Младший Лопатин скользнул к плетню и стал рядом.

— Почувствовал, значит, — не то спросил, не то подтвердил неупокоенный, — по твою душу приходили.

— Кто?

— Серьезные, в камуфляже, я так думаю погранцы, не простые, разведка…

Обершарфюрер, потер рукой ноющую грудь… Как он мог быть так самоуверен? Как мог подумать, что его появление в этом мире пройдет незамеченным, не засекут корабль средства ПВО, не заметят взрыв самоликвидатора. Несколько дней он потерял, наивно полагая, что он просто потерялся, что война для него, в обозримом будущем закончилась

— Сколько их?

— Разведчиков восемь и двое технарей с аппаратурой. У воронки все крутились, замеряли, пока погранцы периметр держали. Потом, как выяснили, что излучения нет, осмелели. Весь овраг облазили, где вы с батей прятались, да и почти до пасеки добрались. Но сюда не пошли. Думаю, приказа не было Убрались. Их у Седого бора вертолет подобрал. Там как раз поляна есть большая. Километров пять-шесть отсюда.

— Прости Коля, все же создал я отцу твоему проблемы и немалые. Они вернутся. Знаю, вернутся.

Неупокоенный обошел-облетел плетень и стал перед пилотом.

— Что теперь об этом? Чему быть, тому не миновать. Придут. Я тоже знаю. Но уже другие… Что делать думаешь?

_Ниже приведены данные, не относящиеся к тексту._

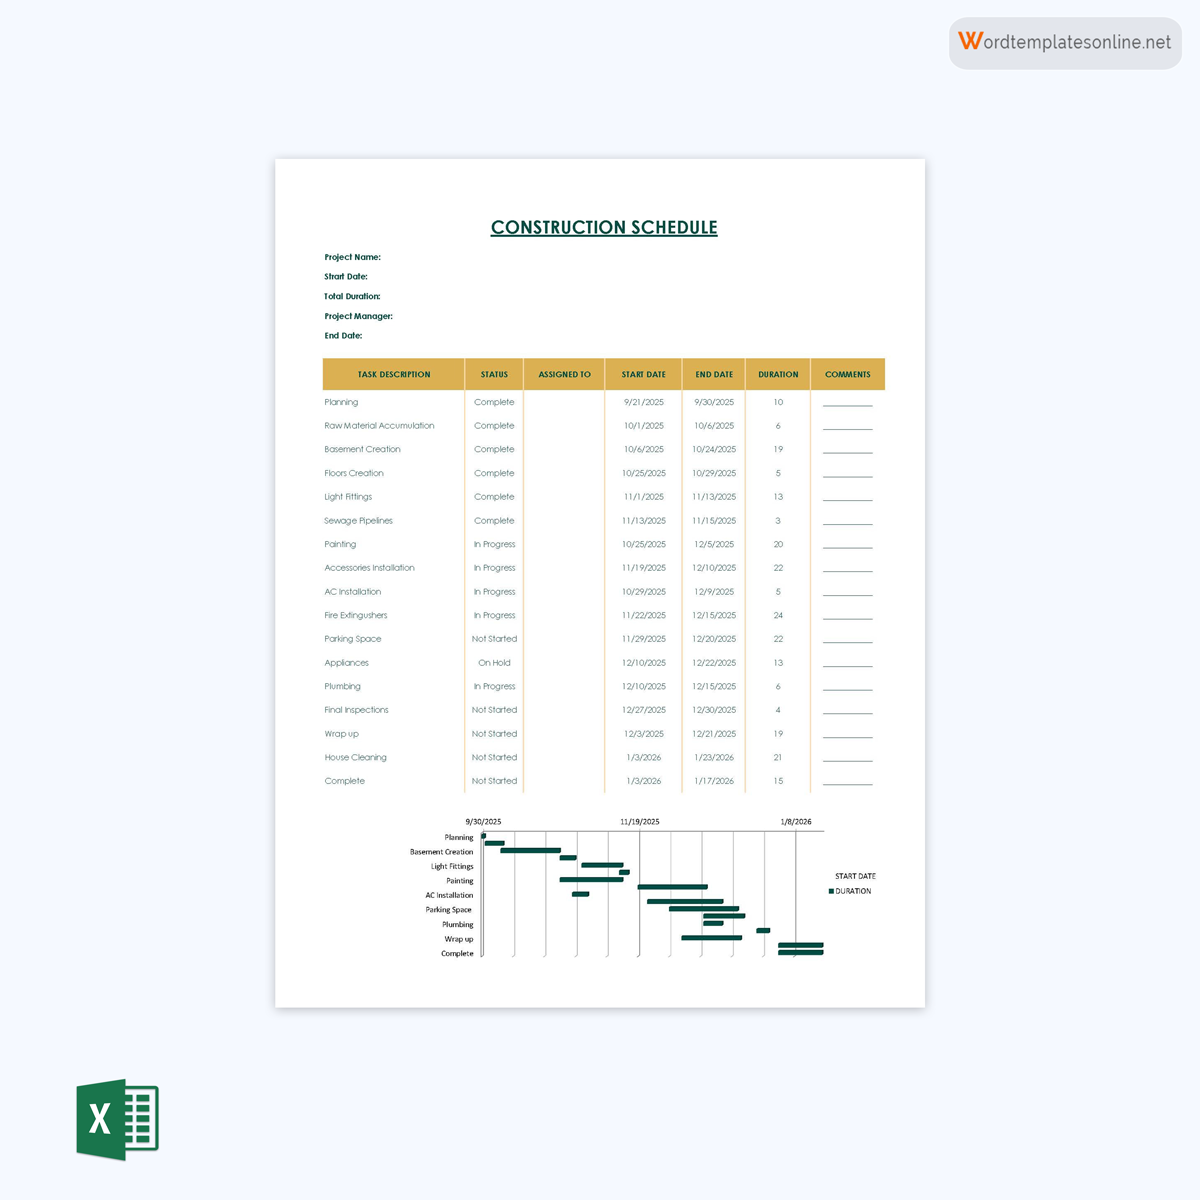 Construction Schedule Template - Excel - Free Download
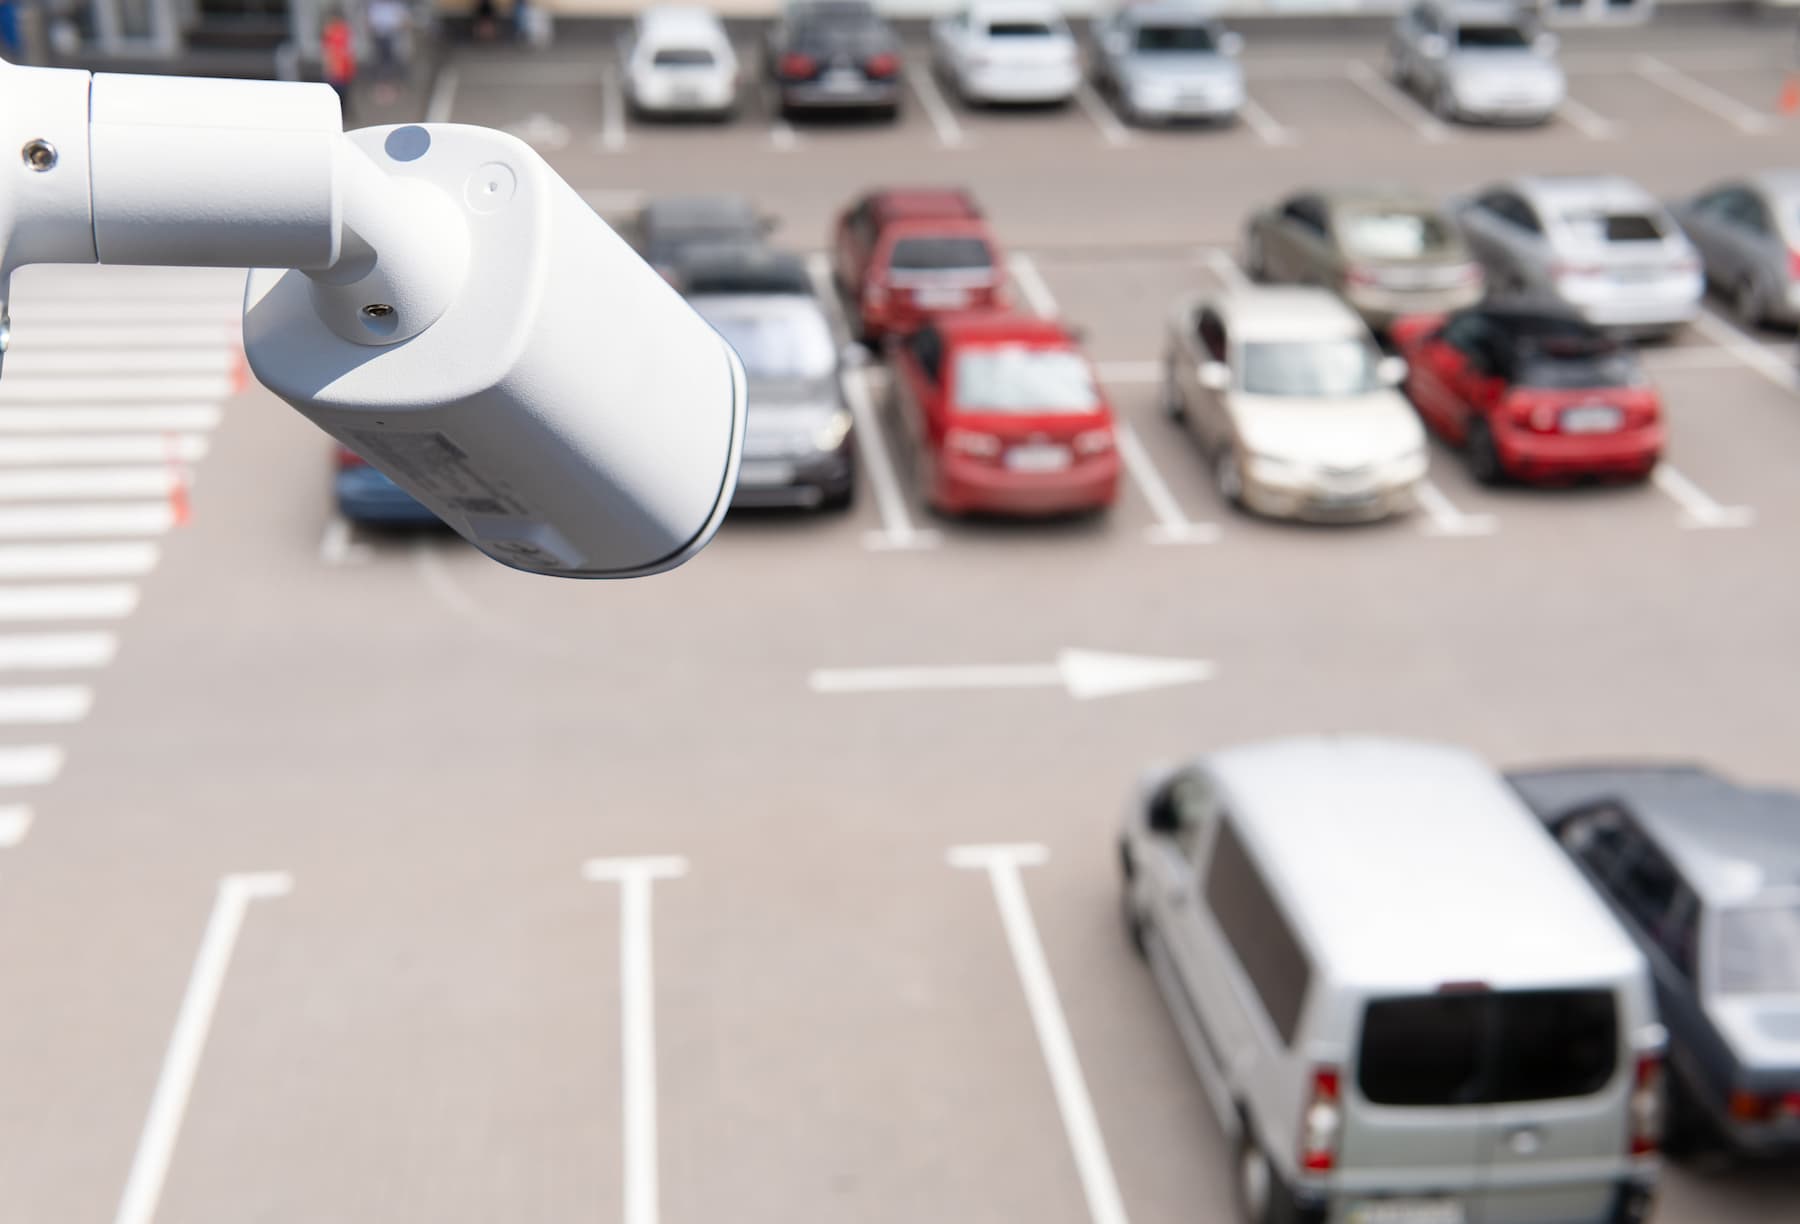 AI applied to occupancy detection in intelligent car parks

— Что тут думать, убегать, шкуру спасать? Поздно, пожалуй. Как пить дать, обложили уже. Это нужно было вчера еще уходить, и то могло быть поздно. Да только некуда мне. Чужак я на этой земле. Стало быть, тут, обершарфюреру СС, князю Кудашеву, последний бой принимать. Надо уходить, отец твой мне помог сильно, надо от него беду отвести. Да и в лесу меня им не так просто взять будет. Живым чекистам не дамся, — Юрий, расправил плечи, гордо вскинул подбородок. Трудно принять решение, но, приняв, уже много легче, горечь приближения неминуемой смерти, сменилась разгорающейся в груди ярости берсерка.

— Ну, ну… ты не торопись так, на свой «последний и решительный», пошли в дом, присядешь, без суеты. Обмозгуем. Есть у меня идеи кой-какие, да и Прокопыча кликнем, он в нашем состоянии много чего прозрел, может тоже умное что подскажет. — Лопатин младший, не торопясь поплыл к родному дому, совсем «по-живому» махнув рукой Кудашеву.

— Ты ж теперь не простой смертный, ты теперь просветленный, или как там у вас называют — сверхчеловек. А из автомата стрелять и гранаты кидать, которые ты в подполье спустил, оно никогда не поздно, но это уж совсем на крайний случай.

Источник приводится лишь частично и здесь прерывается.